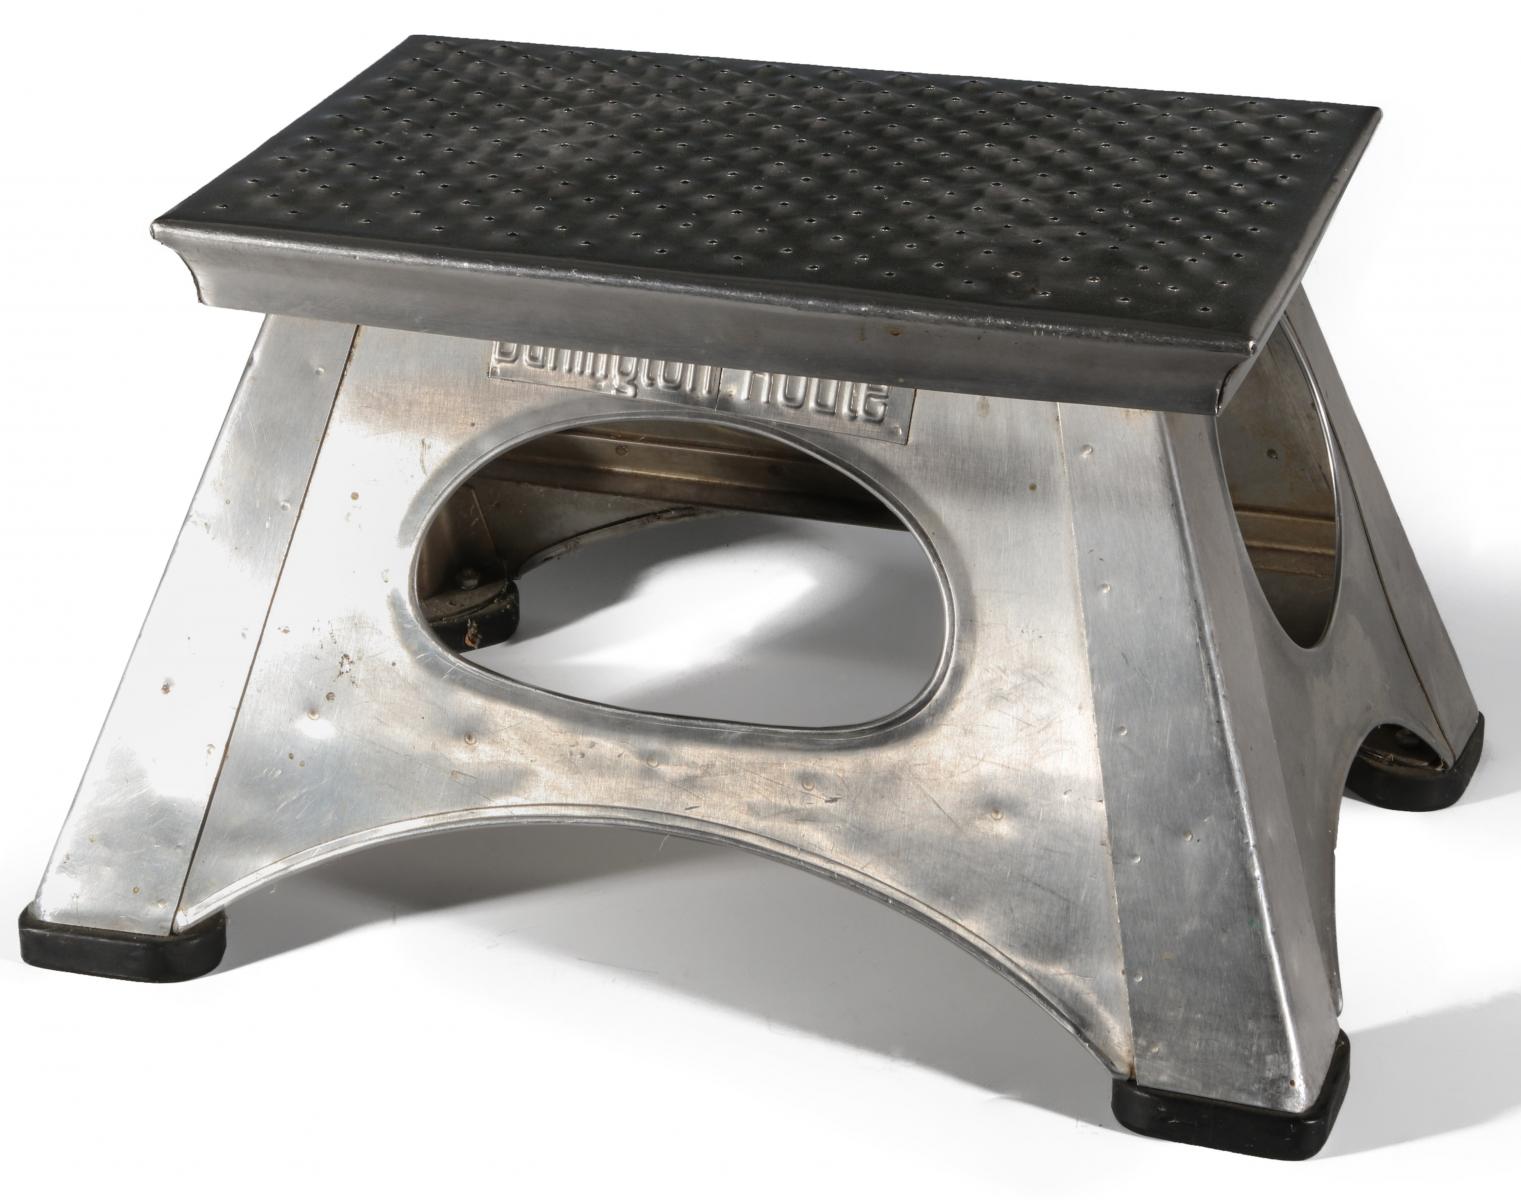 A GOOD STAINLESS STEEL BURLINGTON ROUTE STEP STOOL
---
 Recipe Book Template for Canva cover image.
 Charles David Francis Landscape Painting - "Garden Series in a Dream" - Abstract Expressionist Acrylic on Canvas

* _YOUR INSTRUCTIONS_: Please return only the lines above, starting at the line that has "Recipe Book Template for Canva cover image." and ending at the line that has "Charles David Francis", keeping both and leaving each one unchanged.

* _SOLUTION FOR THIS EXERCISE_:
 Recipe Book Template for Canva cover image.
 Charles David Francis Landscape Painting - "Garden Series in a Dream" - Abstract Expressionist Acrylic on Canvas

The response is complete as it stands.